Ramadan, l’hygiène du corps et de l’esprit

« Si tu n’espères pas l’inespéré, tu ne le trouveras pas »

Héraclite

Le mois de Ramadan ouvre une séquence toujours chargée d’insolite dans la configuration du quotidien. Certes, c’est un rituel porté par une dimension sacrée immuable qui en fait un moment de grande ferveur religieuse ; mais la religion n’est jamais un acte « gratuit », coupé de son environnement social et culturel. Elle prolonge  toujours d’une manière ou d’une autre ce qui nourrit l’horizon d’attente des croyants. Ce mois est, non seulement un geste inscrit dans l’ordre sacré où les signes de religiosité bénéficient d’une visibilité exceptionnelle,  mais c’est une visibilité socialisée, sommes-nous tentés de dire.

Dans la tradition marocaine, on peut même parler d’une certaine spécificité qui renvoie à la fusion du sacré et du profane ; fusion illustrée par les délices de la table du ftour et par l’expression galvaudée en ce mois, « Ramadan karim », Ramadan mois généreux ; la générosité étant ici comprise dans son sens large, celui du don qui inclut le recevoir. Autant la pratique religieuse envahit l’espace publique, autant elle  est portée par une soif de vie, par un désir de voir, de lire et de connaître. La rue ramadanienne est emblématique de cette métamorphose du moi social. Elle est d’abord duale ; celle du jour et celle de la nuit. Toute la journée semble être tendue vers ce moment crucial de la rupture du jeûne. Tendu est souvent à prendre au double sens du mot y compris dans sa dimension psychologique. Une tension qui se convertit comme dans une histoire de fée en une convivialité généralisée qui marque les relations sociales.
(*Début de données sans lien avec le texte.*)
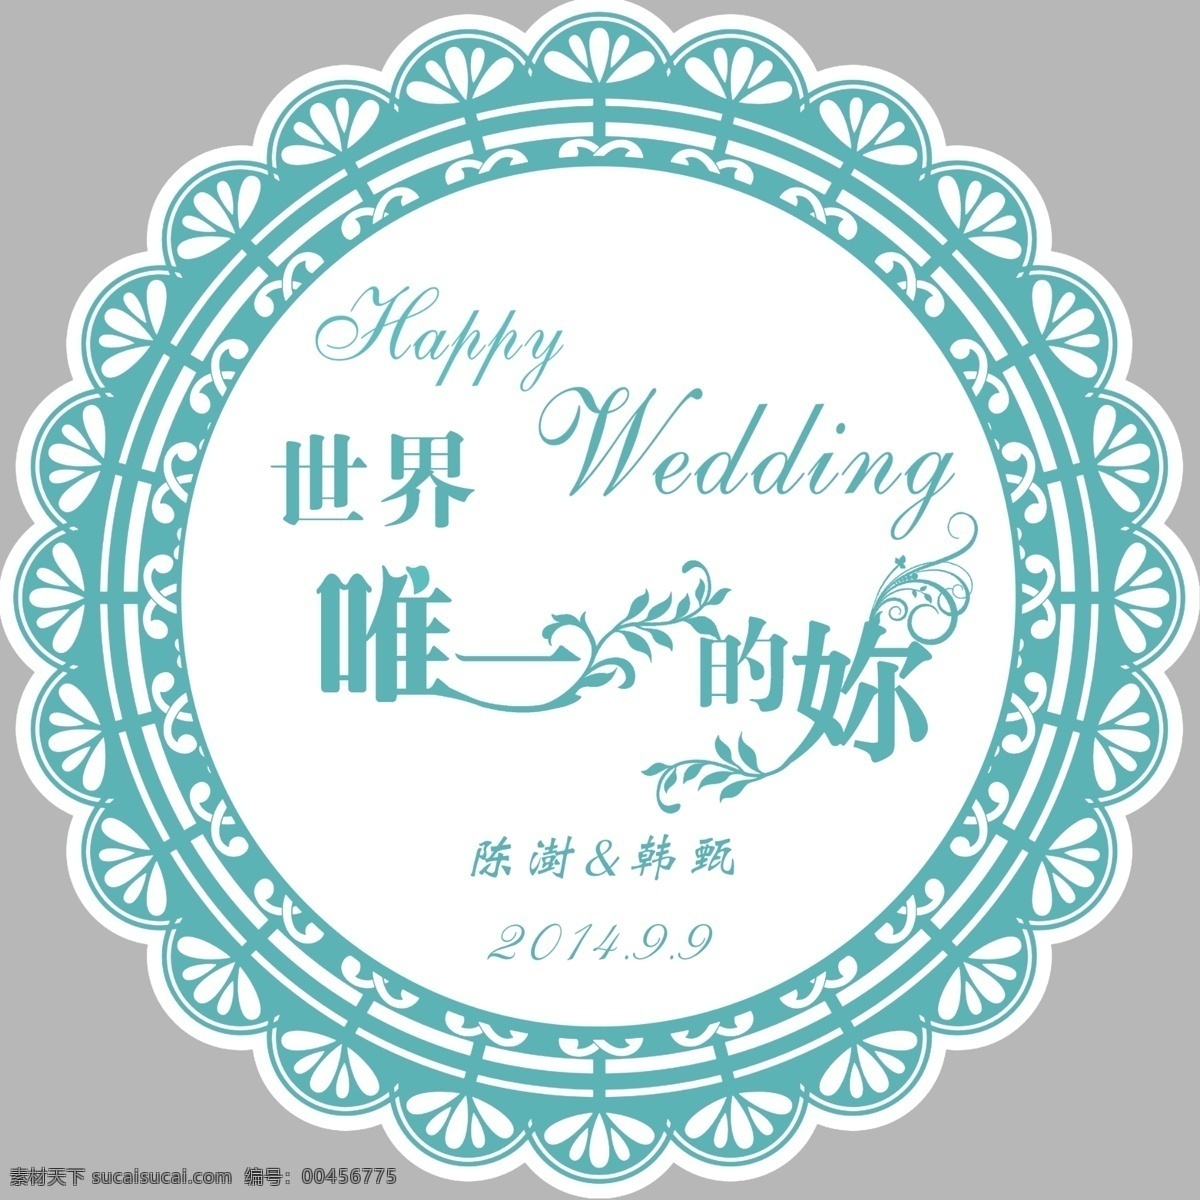 蒂 芙 尼 蓝 婚礼 logo psd分层 蒂芙尼蓝 婚礼logo 世界唯一的你 psd源文件 logo设计
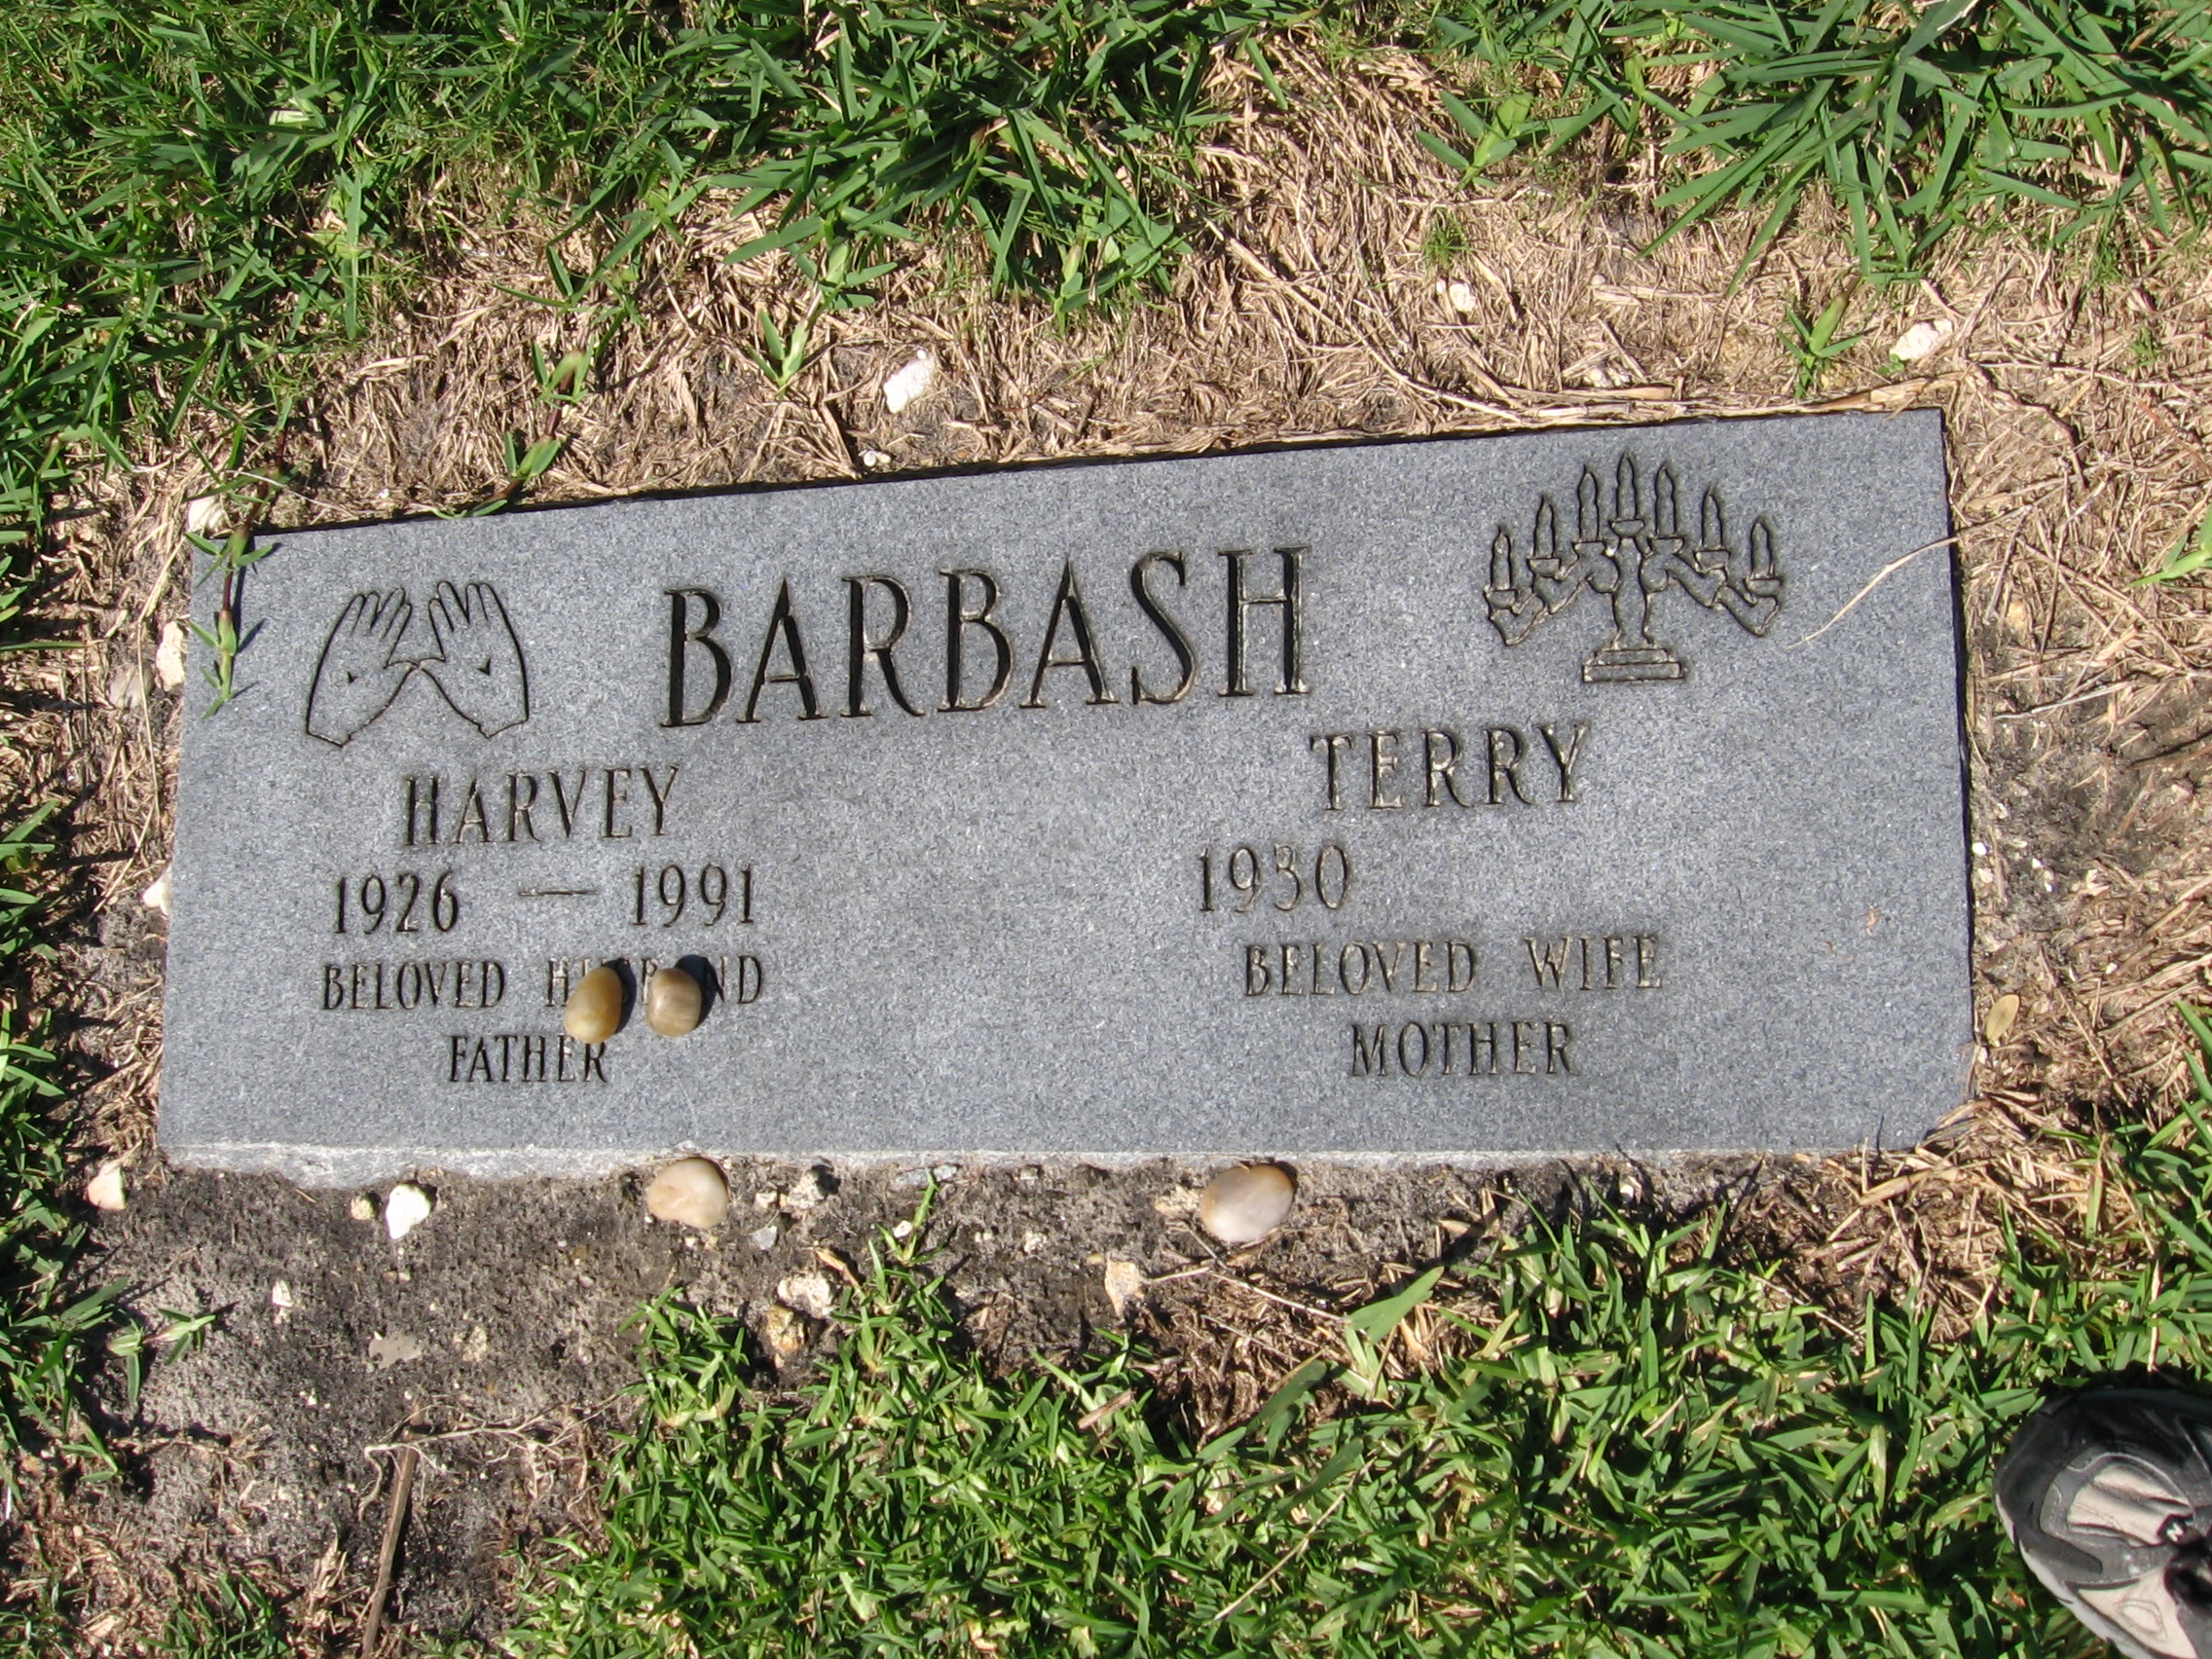 Harvey Barbash

La nuit s’offre alors à un commerce des sens.

Plusieurs indicateurs concordent pour dire aussi que c’est le mois où la lecture  retrouve ses droits. La consommation des signes culturels est en effet importante pendant cette période : la télévision notamment devient un objet de prédilection. La presse écrite adopte des formules appropriées pour répondre à une demande accrue en matière de diversité rédactionnelle. On retrouve aussi des expositions de livres, des conférences, des concerts… Chaque mois de Ramadan offre la possibilité de cette pause spirituelle propice au débat, à l’Ijtihad. Des publications de fond sont éditées, des théories sont débattues, des monographies sont mises à jour. Les réseaux sociaux prennent une autre coloration au niveau iconique et scriptural.

On peut dire alors, avec toutes les précautions de rigueur, que la pensée est retrouvée. On ose espérer que ces retrouvailles donneront l’occasion à une introspection, à un échange utile et fructueux sur l’état de la pensée aujourd’hui dans la sphère culturelle qui se nourrit de la tradition islamique. Des intellectuels ont pris le devant pour appeler, entre autres, à une attitude intellectuelle critique pour libérer la pensée des pesanteurs de la mythologie historique. Il est temps de penser la pensée pour libérer nos sociétés de  » l’arrogance de l’ignorance institutionnalisée  » pour citer feu Mohamed  Arkoun qui rappelle avec pertinence  qu’un nombre impressionnant d’acteurs sans formation scientifique, ni culture religieuse, s’autorisent à intervenir avec une arrogance proportionnelle à leur ignorance, pour satisfaire à l’obligation qui incombe à chaque musulman de  » commander le bien et corriger le mal « .

L’idée formulée dans l’hypothèse d’une pensée repensée est le rétablissement de l’esprit critique dans notre paysage intellectuel ; une façon d’être conforme avec l’esprit du mois sacré visant à la protection de l’hygiène spirituelle de l’âme.